Radeon X1900-series reference cards:
At a first glance, you would be right to think that the Radeon X1900XTX reference card is physically the same as the
Radeon X1800XT reference card. All in all, there are three cards that currently make up the Radeon X1900-series; they are Radeon X1900XTX, X1900XT and X1900 CrossFire Edition.
All three cards have the same R580 GPU with fourty eight pixel processors, sixteen texture units, sixteen pixel output engines and eight vertex shaders. The GPU is built on the same TSMC 90 nanometre low-
k manufacturing process and has a total of 384 million transistors. This is an increase of 63 million compared to the 321 million found in R520, meaning that each additional pixel shader processor and its accompanying general purpose register array are made up of just under 2 million transistors each.
The differences between the Radeon X1900XTX and Radeon X1900XT are merely related to their clockspeed - all portions of the GPU are fully functional and there are no hidden extras.
The flagship Radeon X1900XTX comes clocked at 650/1550MHz, while the slightly cheaper Radeon X1900XT comes clocked at 625/1450MHz. The cooler remains the same as the one that was included on the Radeon X1800XT and it's generally reasonably quiet, but not as quiet as the coolers on NVIDIA's GeForce 7800 GTX and 7800 GTX 512 cards.

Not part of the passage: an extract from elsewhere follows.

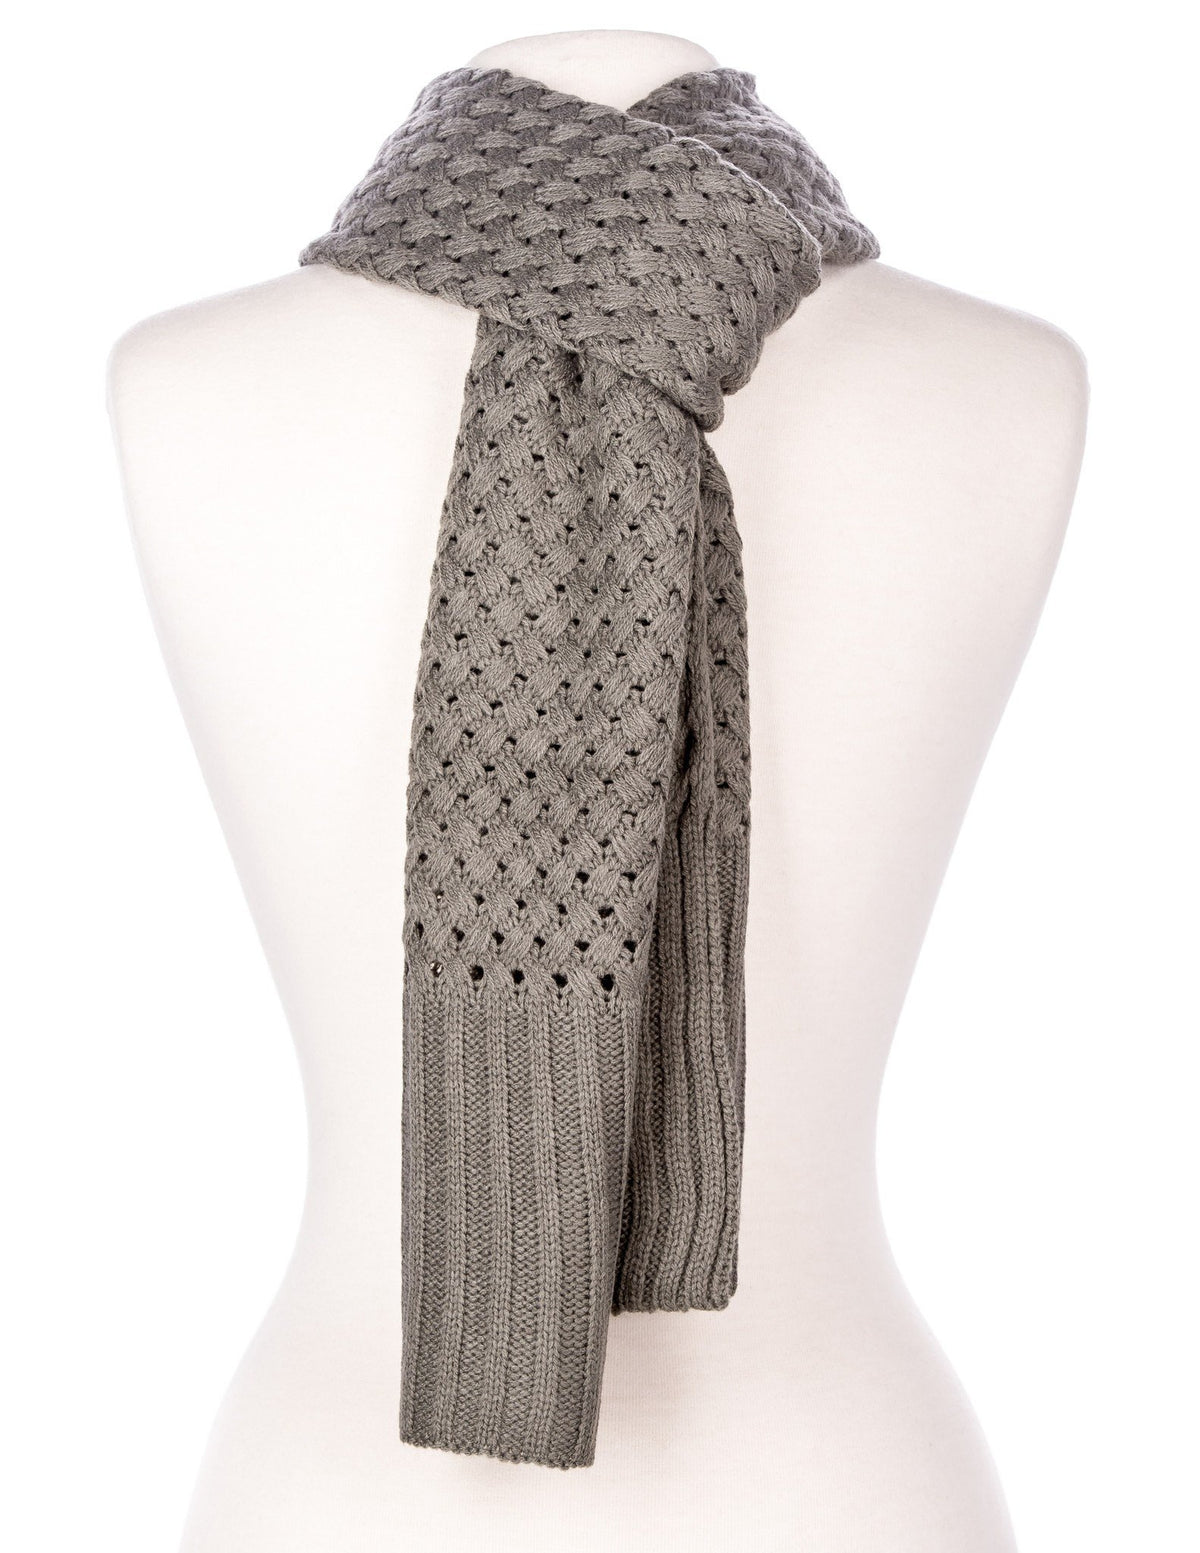 Men's Solid Weave Everyday Winter Scarf - Gray

The fan is a variable speed design, however we didn't notice it spin up above its normal, rather quiet setting during our gaming evaluations. However, the noise seemed to incease a little when a Radeon X1900XTX and Radeon X1900 CrossFire Edition card were placed together in CrossFire mode.
Speaking of CrossFire, there are some very subtle differences between the standard Radeon X1900-series cards and the Radeon X1900 CrossFire Edition card. The cards look pretty much the same on first inspection and you'd be troubled to spot the difference between the two from the angle we've photographed them at in the isometric image.

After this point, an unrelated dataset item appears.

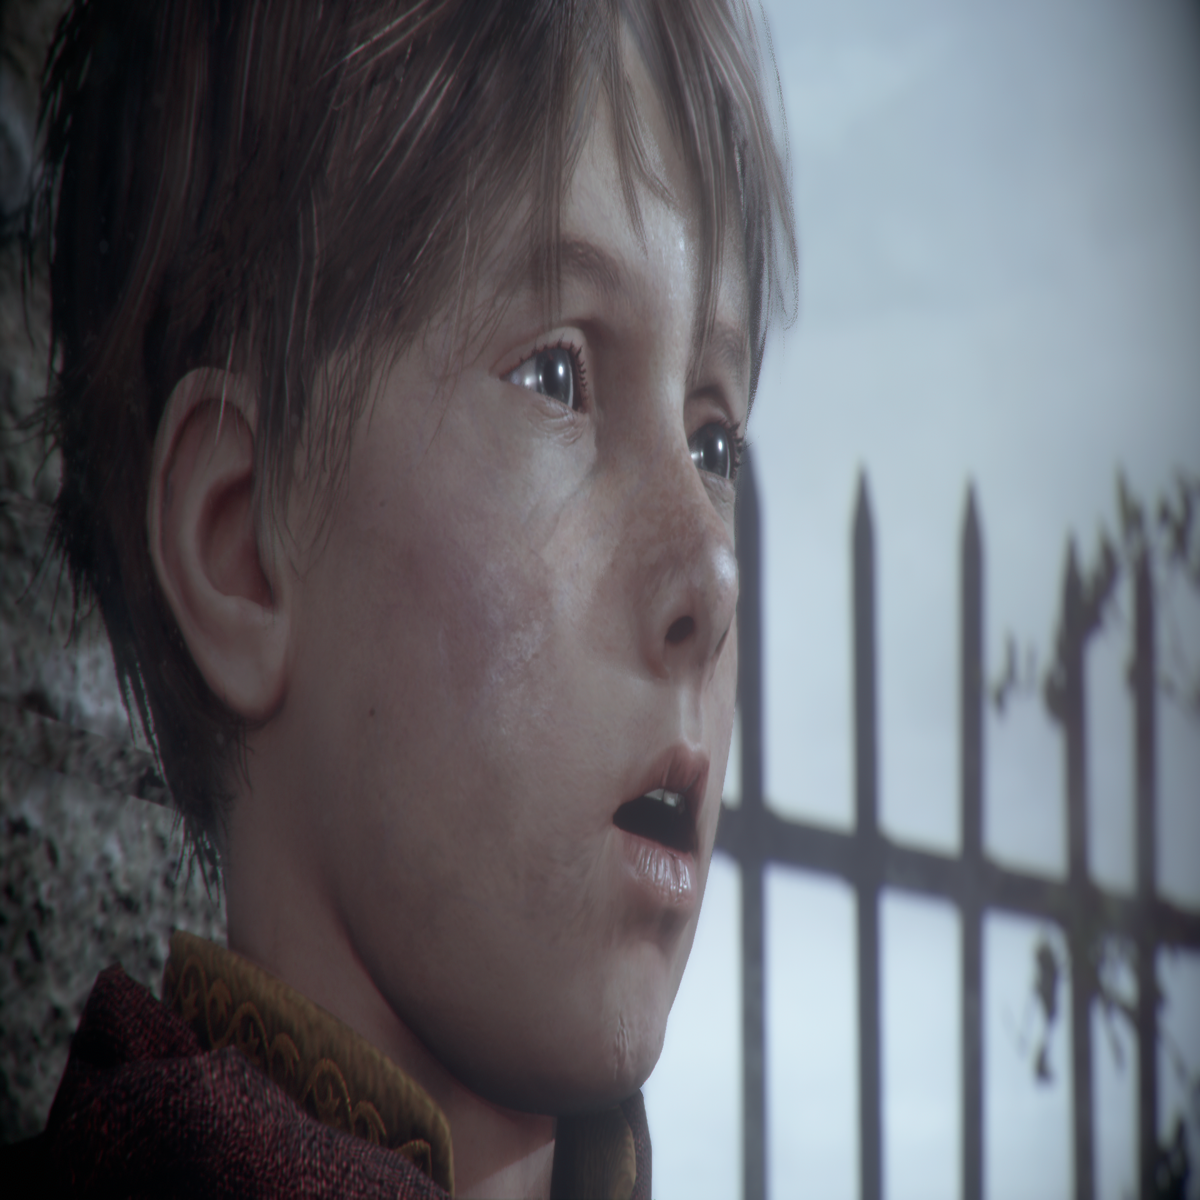 Metacritic - A PLAGUE TALE: INNOCENCE reviews are coming

However, there are some distinct differences in the circuitry on the back of the card in order to make the CrossFire function work.. There is also the connector where the CrossFire cable connects the two cards together along with the lack of a VIVO connector too. They aren't the only differences though, as there are some subtle differences that can't be seen when the heatsink is still attached to the video card.